This weekend was bittersweet for our family. My father, a pastor, retired after forty years in the ministry. The last twenty-eight of those years he spent at the same church in Michigan. He took a call there when I was in the fifth grade. I consider it my home church. It’s strange to think of my parents going anywhere else. But retiring is different for a pastor than for other vocations. If someone retires from an office job, say, there’s no need to switch churches as well. However, when a pastor retires, in most cases he leaves his church as well. This is difficult, because often that’s their support network and social circle. These are the people who have celebrated together in good times and pulled together in difficult times; people who worship together every week. Indeed, they are a church family. And it’s hard to say goodbye to such a family.

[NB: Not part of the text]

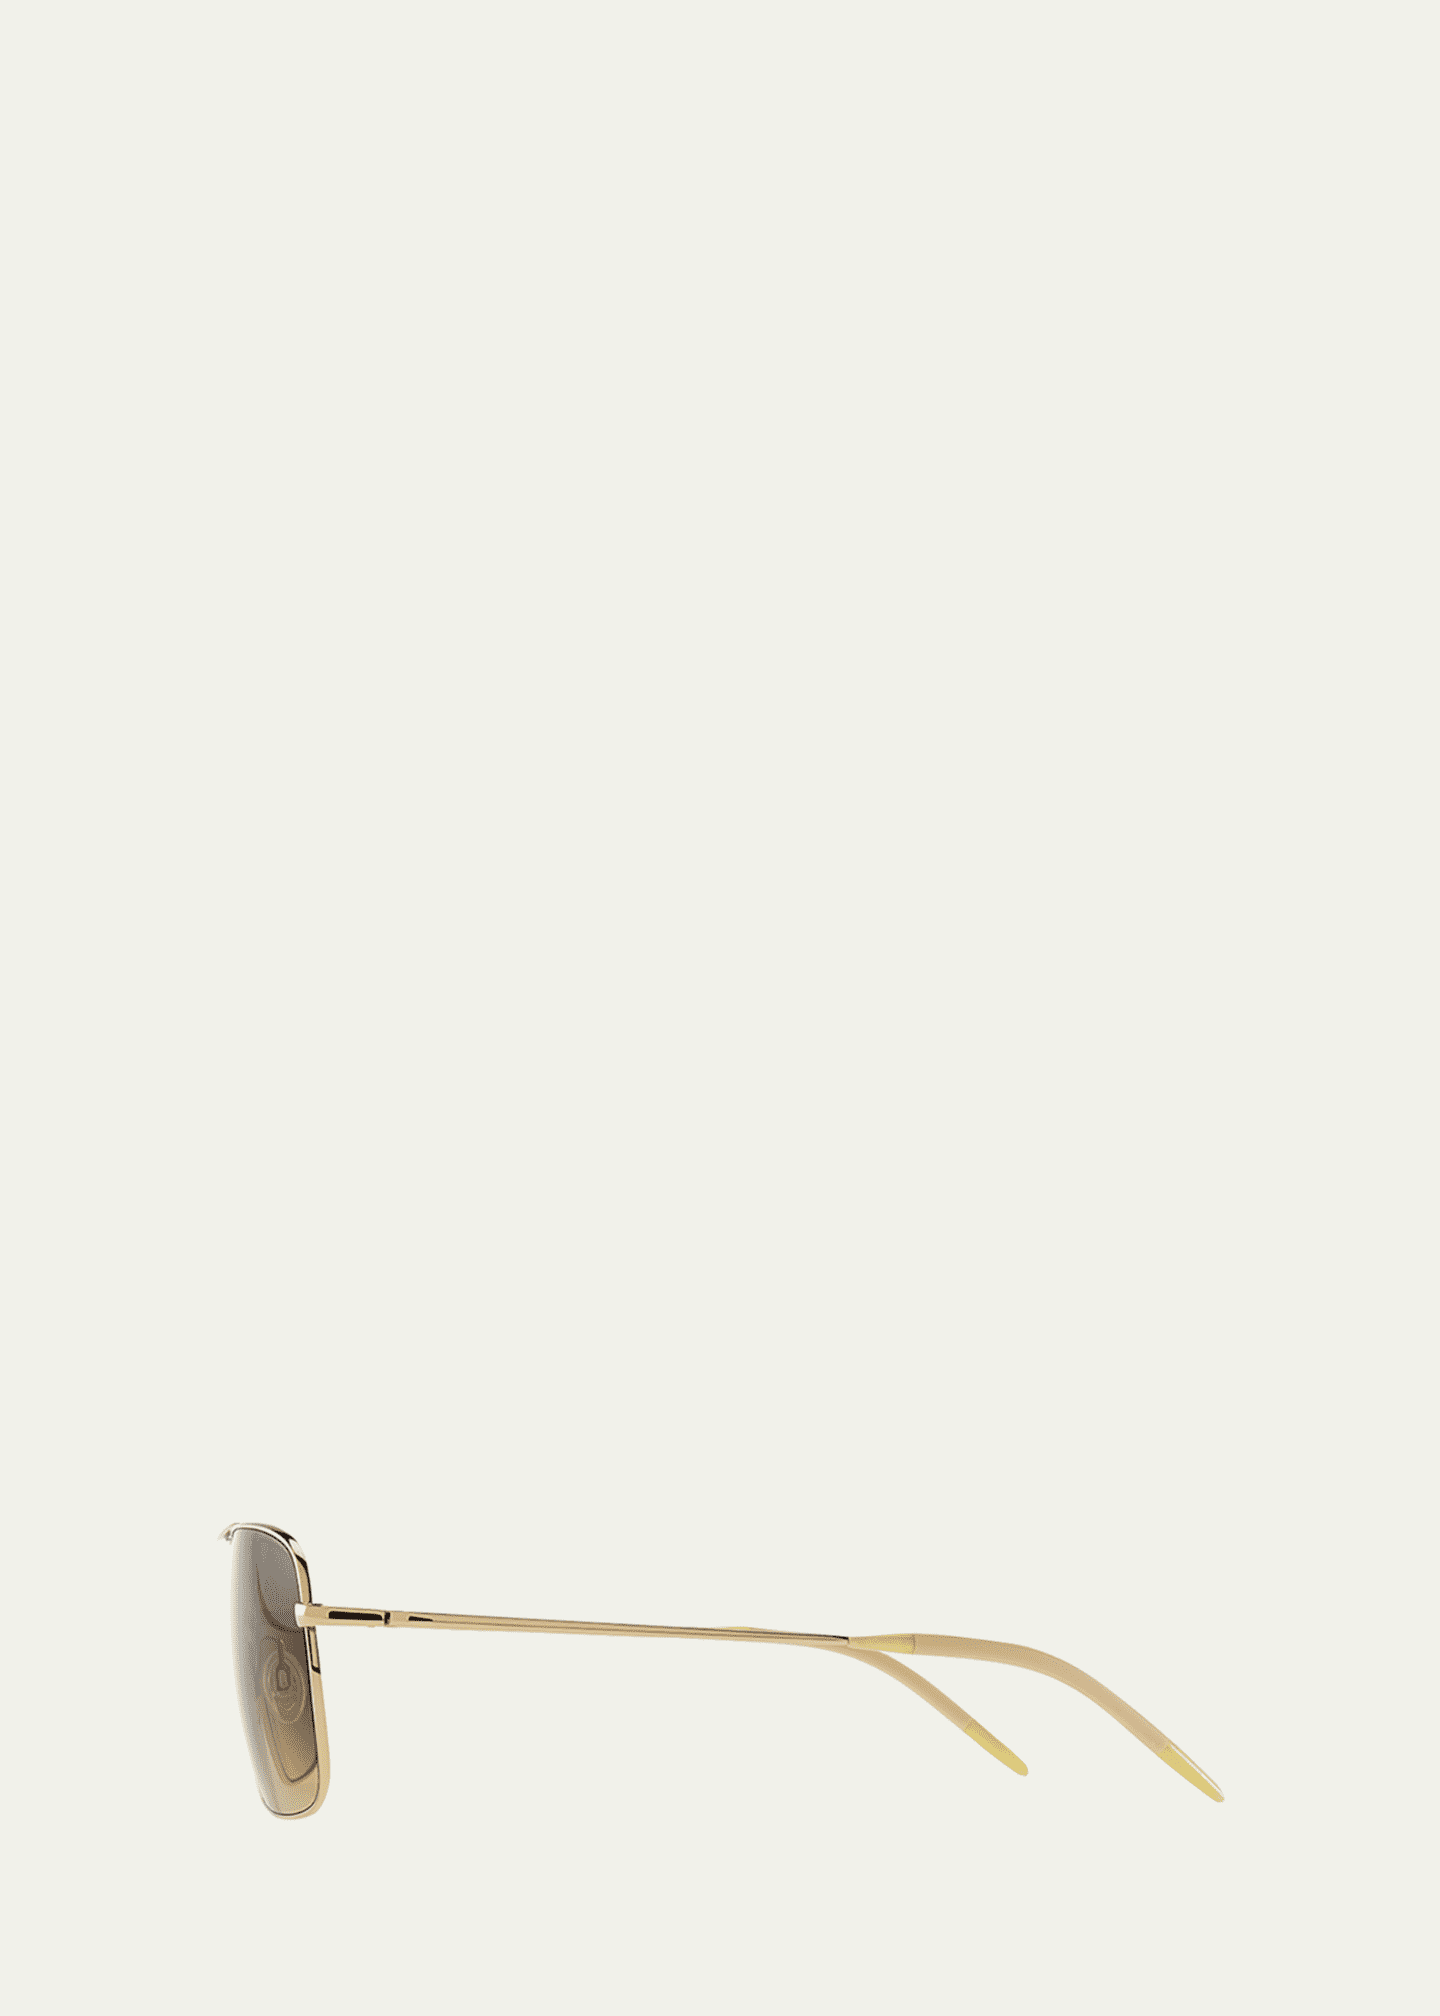 Oliver Peoples Clifton Photochromic Sunglasses, Gold - Bergdorf Goodman

The idea of a church as a family is nothing new. The Bible refers multiple times to believers as members of one body. Additionally, we are called brothers and sisters of Christ. So in a very real way, all Christians are related. All believers are family. And this family is not separated by time or space. In a marvelous mystery, whenever we join in worship, we join with all believers of all times and all places. We are united in our confession of Christ. As we pray in the Proper Preface of the communion liturgy, “Therefore with angels and archangels and with all the company of heaven we laud and magnify Your glorious name…” You see, we aren’t confined to worshiping with fellow believers in our particular church building. Yes, we form a closer bond to those we see on a weekly basis, but think of the bigger picture–we are worshiping with the entire Church on earth and the whole company of heaven! That’s a pretty big family. 

So although we may have to say goodbye on earth for a season, one day we’ll all be around God’s throne worshiping together with those who have gone before us and those who will come after us. That’s a worship service I don’t want to miss. And we’ll never have to say goodbye again.